“午門之事,就此作罷。方才娘娘說民女一個諢號,民女實在好奇,鬥膽一問。”辛夷兀地轉了話題。


    武慧些些詫異地瞧了辛夷一眼,後者卻隻低著頭,看不清神色,唯獨聲音有些沙啞,喑喑地在殿中淌。


    “還請娘娘解疑。”良久未得回答,辛夷猛地抬頭直視武慧,武慧一驚——


    因為那是雙清冷至極的眸。明明美得若秋天的洞庭湖水,卻不帶一絲溫度,美得幹淨,淡漠,攝人心魄。


    如果說彼時的辛夷,心底含著武慧未救她的怨,眸底的湖水還有漣漪,還讓人生可親可憐之感,但此刻她的眸,卻靜得像冬天的湖水結了冰麵,隻會讓人刺骨生涼,卻偏偏是澄澈見底。

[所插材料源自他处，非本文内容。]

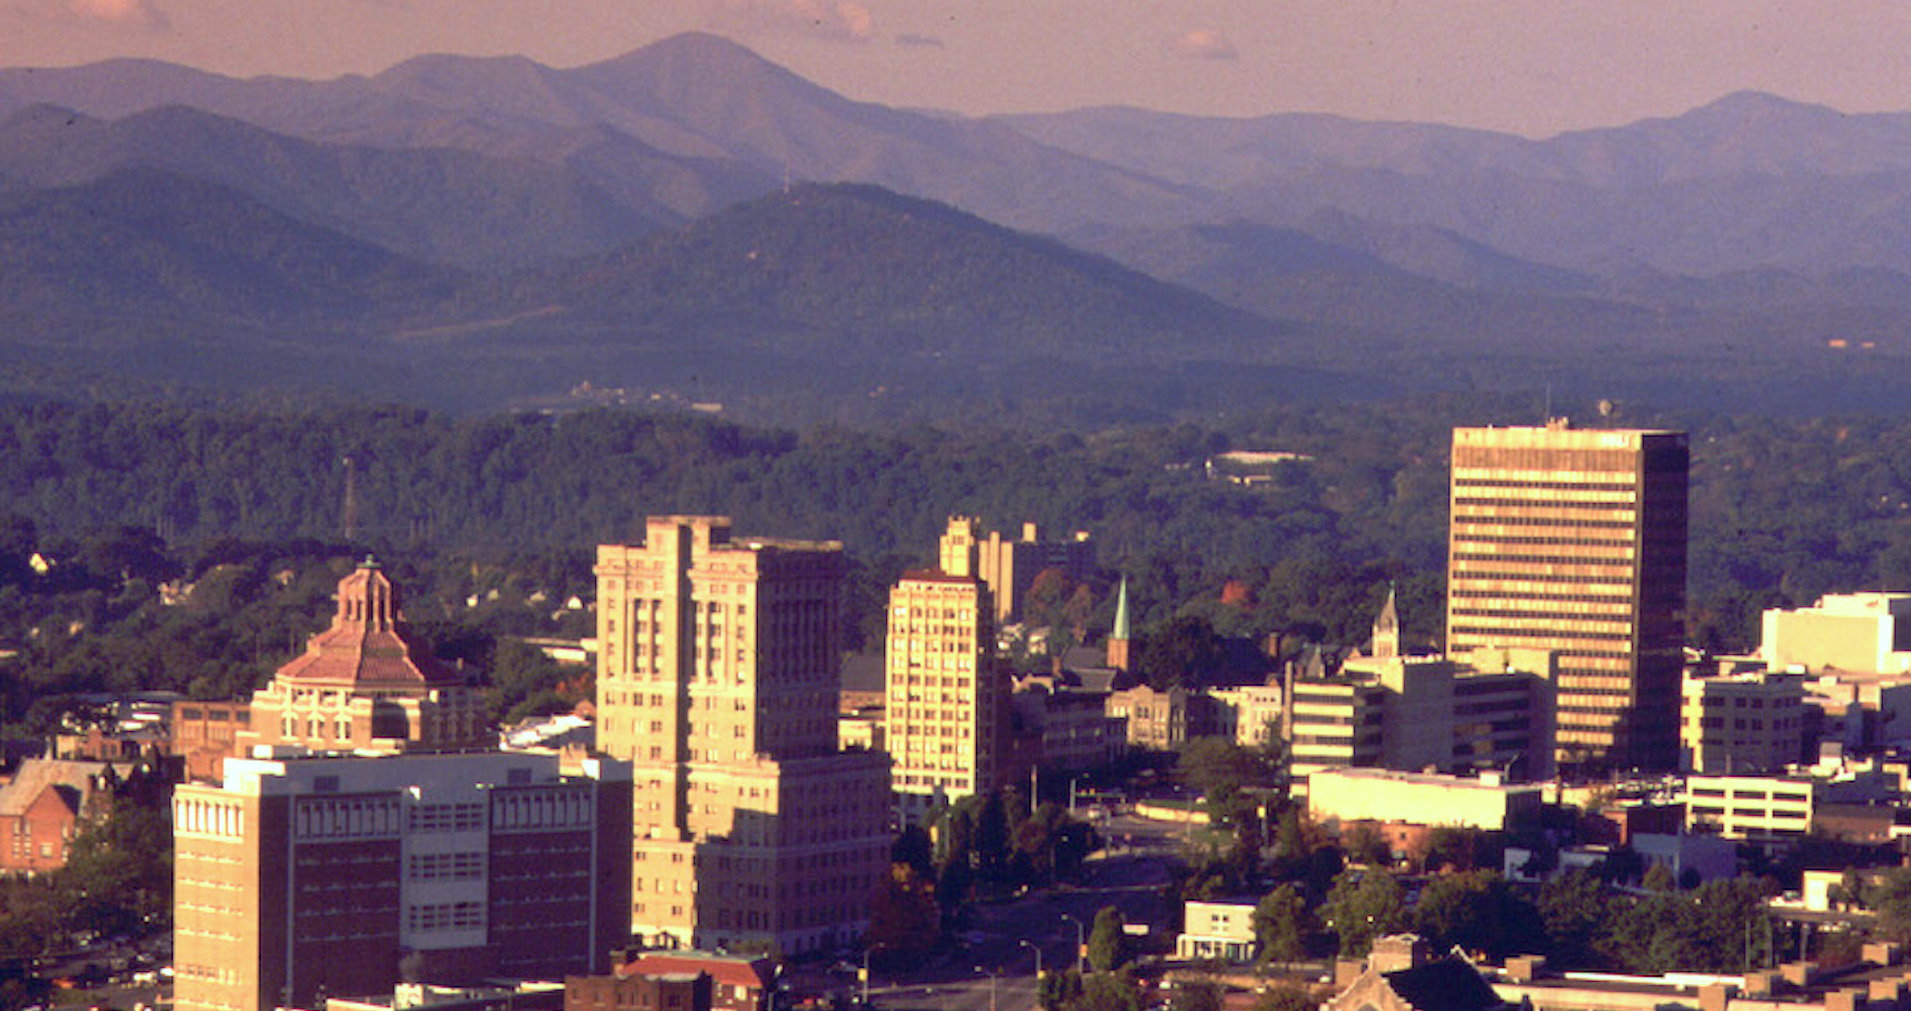 Asheville, NC, the creative hub that's home to Ray Access founders.

    “你此番進殿,是來質問本宮午門之事罷。如今就這麽了了?”武慧愣愣道。


    “不需質問,民女早就明白。”辛夷啞著嗓子道,“民女不是來求娘娘一個答案,隻求一番明白話,來將民女自己,從妄想裏拉出來。”


    武慧深吸一口氣,臉色有些複雜:“也好。午門之事,就此作罷,你還是你的辛夷,我還是我的娘娘,你我互不相欠。”


    “如此最好。所以,方才民女疑問,娘娘可解惑了罷?”辛夷無聲地鬆了口氣,不願再提午門半句。


    互不相欠。天道不仁,棋局無情,這四個字是最後的仁慈,也是弈者和弈者之間,彼此的解脫和饒恕。


    武慧喉嚨動了動,神色恢複如昔:“本來這個疑惑的答案,你是沒資格知道的,因為連本宮也不過是偷拓的。不過,此事牽扯上我兒,本宮這個當娘的,也就顧不得規矩了。”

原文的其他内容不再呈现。